Após o advogado, tentar em todas as instâncias reverter a punição que poderiam ser usados para diminuir os dias na prisão do cliente e ter o recurso negado partiram para a última instância.

Superior Tribunal Federal, que manteve a decisão dada anteriormente de retirar o benefício de redução de um terço de dias da pena. 

Além disso, com relação às questões de anulação levantadas pela defesa, o ministro Gilmar Mendes, entendeu a sentença está devidamente justificada, a defesa foi notificada conforme prevê a lei, ainda assim não apresentou resposta. 

"Quanto às nulidades aventadas, o aresto combatido asseverou que o decisão está suficientemente fundamentado, a defesa foi regularmente intimada e quedou-se inerte,
salientando que foram garantidos contraditório e ampla defesa, inexistindo o cerceamento alegado".

"Por fim, não há que se falar em regressão de regime, tendo em vista que o apenado encontrava-se em regime fechado e nele permaneceu após a homologação da falta grave. Sua colocação em isolamento por determinado período de tempo pela administração penitenciária não configura regressão definitiva para justificar a necessidade de oitiva judicial", proferiu o ministro.

Entenda

Em setembro de 2018, Marcinho VP e mais 11 detentos espancaram um custodiado durante o banho de sol, na Penitenciária Federal de Catanduvas, no Paraná.
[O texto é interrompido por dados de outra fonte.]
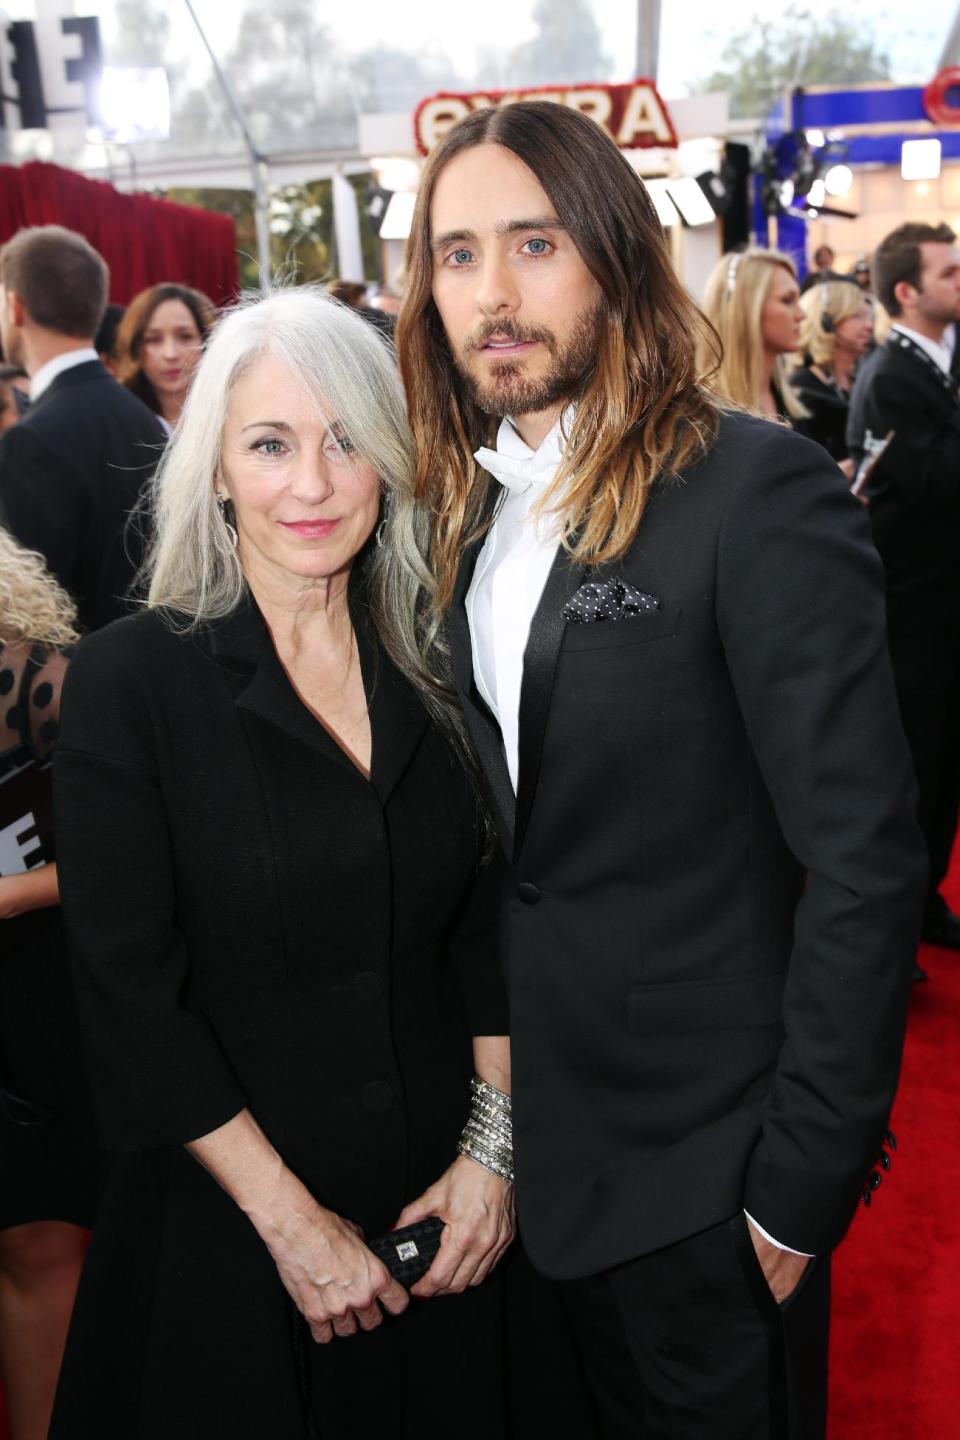 Constance Leto and Jared Leto arrive at the 20th annual Screen Actors Guild Awards at the Shrine Auditorium on Saturday, Jan. 18, 2014, in Los Angeles. (Photo by Matt Sayles/Invision/AP)

Pelo ocorrido foi instaurado um processo administrativo disciplinar em que ele e os outros detentos foram punidos com perda de dias que poderiam ser revertidos para diminuir o tempo na prisão.

Com o episódio de agressão, a Justiça entendeu que um terço dos dias que haviam sido reduzidos foram retirados.

 Márcio dos Santos Nepomuceno foi condenado a mais de 50 anos de prisão. 

No dia 3 de maio, a defesa foi até a última instância e entrou com pedido de anulação da decisão da punição no STF, após ter sido negado no Tribunal Regional Federal da 4ª Região (TRF-4). 

Transferência para presídio de Campo Grande

Após a fuga no presídio de Mossoró (RN), em janeiro, Marcinho VP que estava preso no complexo, foi transferido para o presídio Federal de Campo Grande

Marcinho VP, tem 54 anos, está preso desde 1996 quando foi detido em Porto Alegre (RS), apontado como um dos líderes do Comando Vermelho.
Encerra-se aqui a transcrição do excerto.